Setting aside that I would personally rather not spend any more of my life in the company of Jay Gatsby and Tom Buchanan than I already have, there’s also an unhealthy kind of curiosity that can and is indulged by people.  A young girl who reads The Great Gatsby (or, perhaps worse, watches one of the many quite glamorous movie versions) could be forgiven for wanting to be more like Daisy Buchanan. To be curious about Daisy’s life and feelings and clothes and cocktails and being desired by such different men. She wouldn’t necessarily share Daisy’s fate, she just wants to share her style. A girl’s attempt to become more like Daisy, presumably, isn’t the kind of transformation that Roberts and Leslie would likely encourage and yet it’s part of the curiosity and sympathy they broadly seem to want to encourage.
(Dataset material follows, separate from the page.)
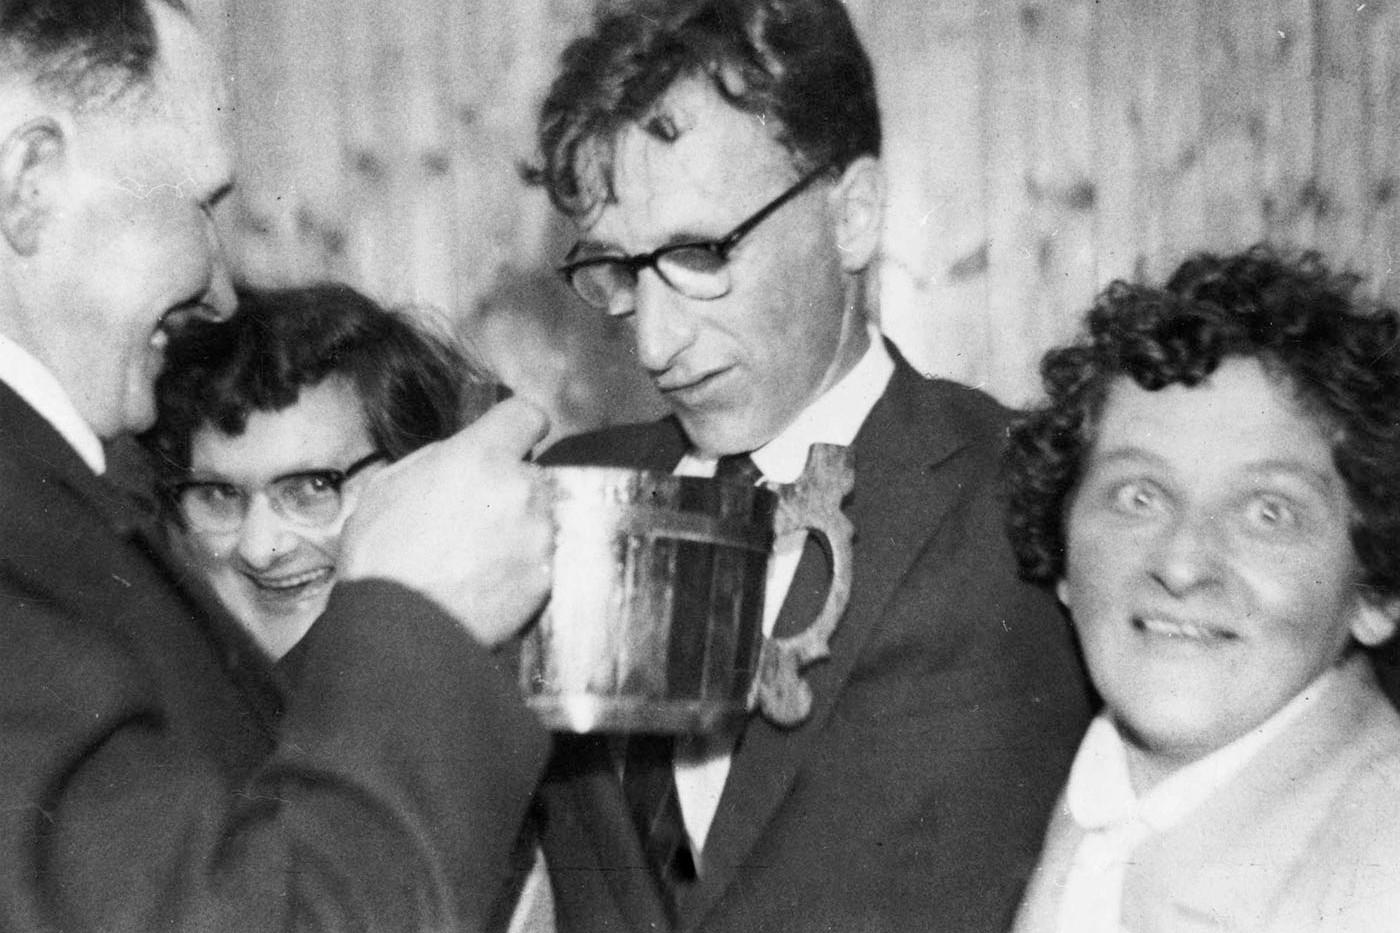 Wedding of Ronnie and Ethel Mowat of Ramray, Graemsay, c. 1960s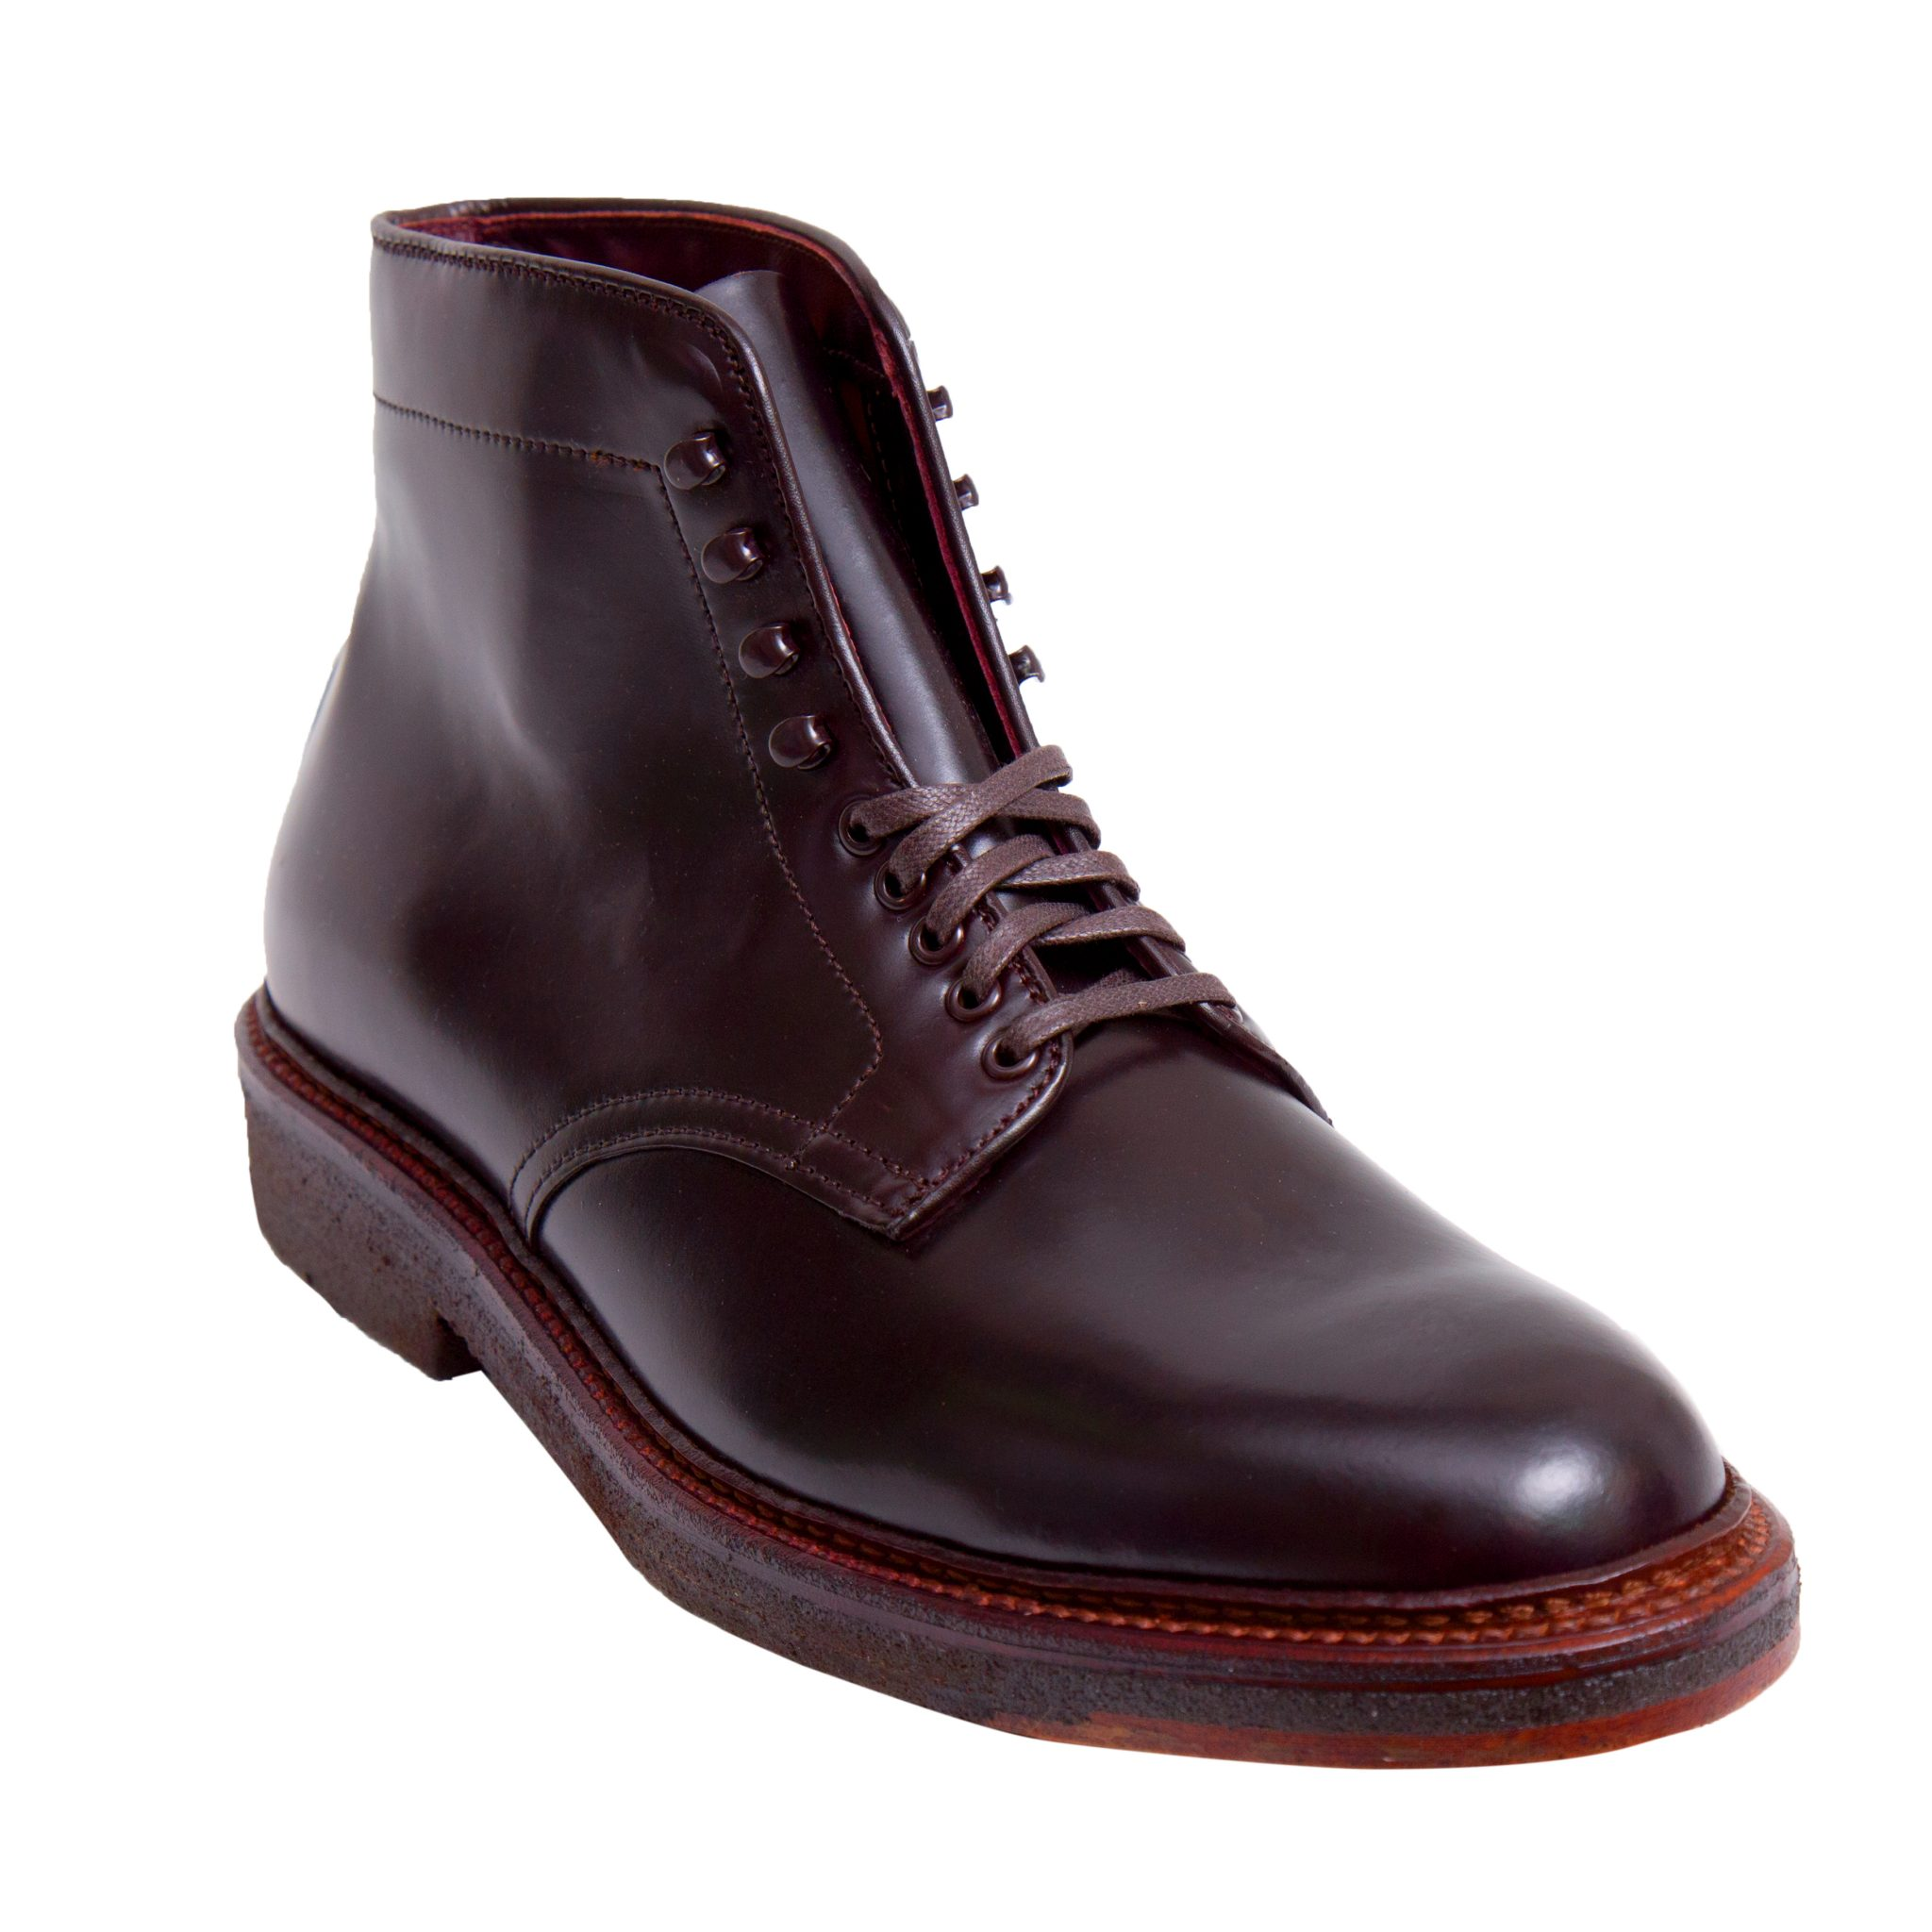 shell cordovan alden shoes

This episode clearly lives up to the EconTalk tagline, “Conversations for the Curious” and since it is a topic that cannot possibly be exhausted in an hour, there are still many reasons to seek out Leslie’s book, Curious: The Desire to Know and Why Your Future Depends On It. He has been on EconTalk once before talking about his book Conflicted. He also has a substack called The Ruffian that you can sign up for. He must have been an early adopter because his first post is dated Aug 27, 2017. You can read a recent, unlocked (free) post here: https://ianleslie.substack.com/p/creating-thinking-deciding.


In the meantime, we’d like to hear what you took away from this episode. We hope you’ll take a moment to consider one or more of the prompts below:

1 – Leslie projects a rosy perspective of changes as a result of curiosity being mostly positive and good. Is this true?

 

 

2 – Both Roberts and Leslie express skepticism about trusting academic studies but also both think that knowledge can be acquired and that the acquisition of knowledge has improved the lives of many people. What sorts of processes or institutions for curiosity-based inquiry should people look to if not these or in addition to these?

 

 

3 – Leslie suggests that curiosity and judgment often conflict. When you are curious, you are abstaining from judgements. When you are actively judging, you aren’t engaging in the same kind of open-ended curiosity as when you are not. Is he right about that? Can one be judging and curious at the same time? If not, why not?

 

 

4 – How can curiosity be guided to proper objects? Roberts and Leslie discuss the importance of reading literature and being sympathetic in entirely positive ways but are they missing a concern about improper sympathy? When is sympathy bad?

 

 

5 – Would Jay Gatsby (and/or F. Scott Fitzgerald) have been better off if he had been less curious about a different sort of life than the one he was born into?